A Lightweight CNN Model for Knee Osteoarthritis Grading: Development and Evaluation Using Radiographic X-rays
Mohankumar H M1, Dr. T. Vijaya Kumar2
1Student, Department of MCA, Bangalore Institute of Technology, Karnataka, India
18mohanmkumar@gmail.com
2Professor, Department of MCA, Bangalore Institute of Technology, Karnataka, India
tvijaykumar@bit-bangalore.edu.in
ABSTRACT
Knee Osteoarthritis (KOA) is a progressive degenerative joint disease-causing pain, stiffness, and functional disability, posing a major health concern, especially among the elderly. Conventional diagnosis relies on radiographs and the Kellgren–Lawrence (KL) grading system, which suffers from subjectivity, inter-observer variability, and inefficiency for large-scale screening. To overcome these challenges, this research proposes an AI-driven multi-stage KOA detection framework using deep learning for automated severity classification. The model employs a dual-input Convolutional Neural Network (CNN) trained on preprocessed grayscale knee X-rays. A symmetry-based preprocessing technique pairs each X-ray with its horizontally flipped version, emphasizing asymmetries in joint space narrowing, osteophytes, and bone deformities, key KOA indicators. This improves feature capture and interpretability. The CNN classifies knees into five KL stages with high accuracy and robustness. For clinical use, the model is integrated into a Flask-based web application enabling X-ray upload, real-time severity prediction, and personalized PDF report generation.
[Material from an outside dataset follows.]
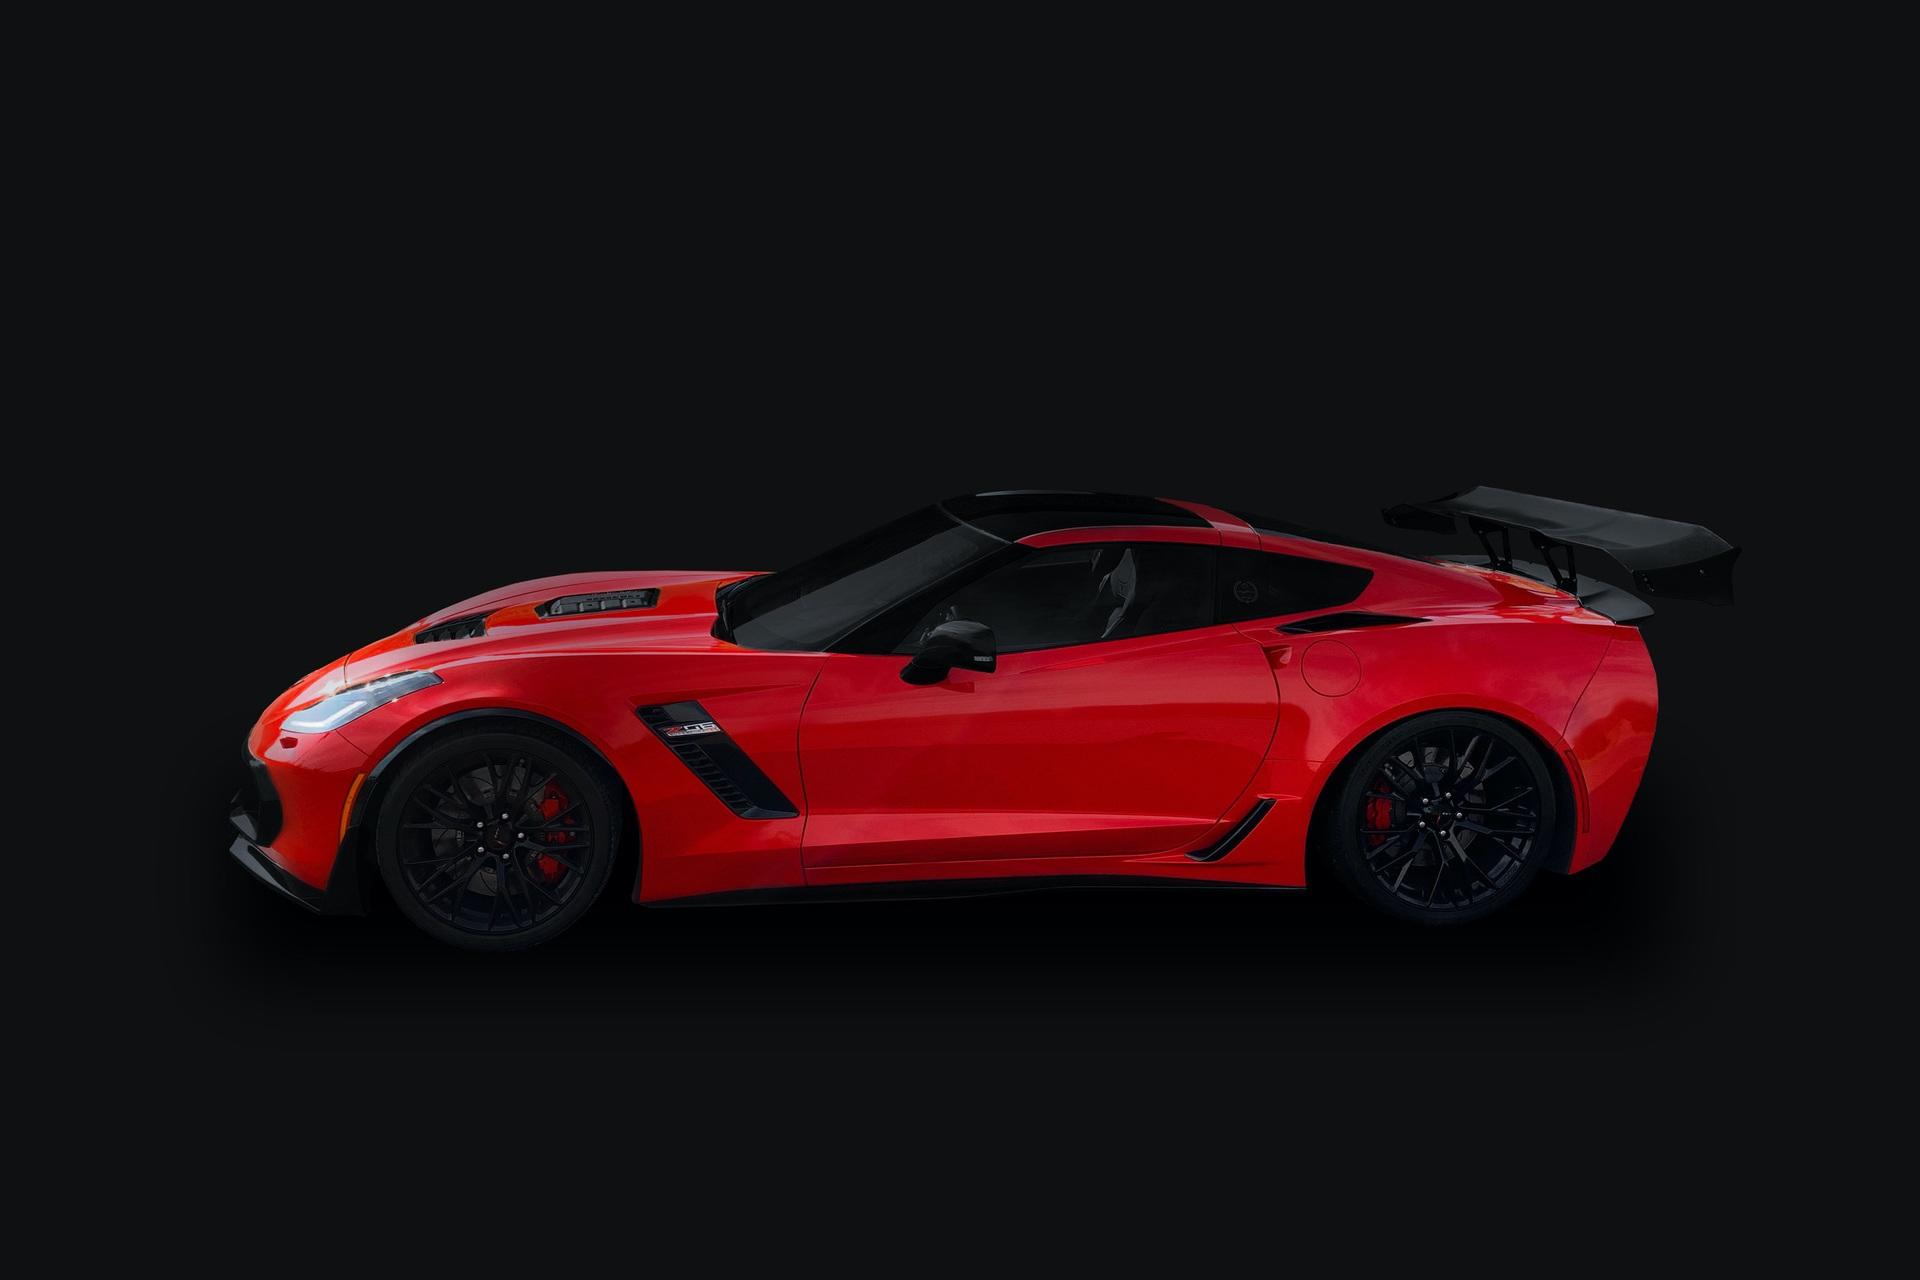 Callaway_C7_Corvette_limited_edition_0004

The platform also provides educational resources including treatment guidance, diet suggestions, and hospital references. Experimental results demonstrate competitive performance against state-of-the-art methods while offering real-time usability. By reducing subjectivity and ensuring consistent grading, this framework serves as a reliable clinical decision-support tool, with future work exploring explainability, larger datasets, and cloud deployment.
General Terms
Machine Learning, Deep Learning, Medical Imaging, Web-based Applications.
Keywords
Knee Osteoarthritis, Convolutional Neural Network, Kellgren–Lawrence Grading, Flask Framework, Severity Detection, X-ray Classification, Automated Diagnosis, Clinical Decision Support System.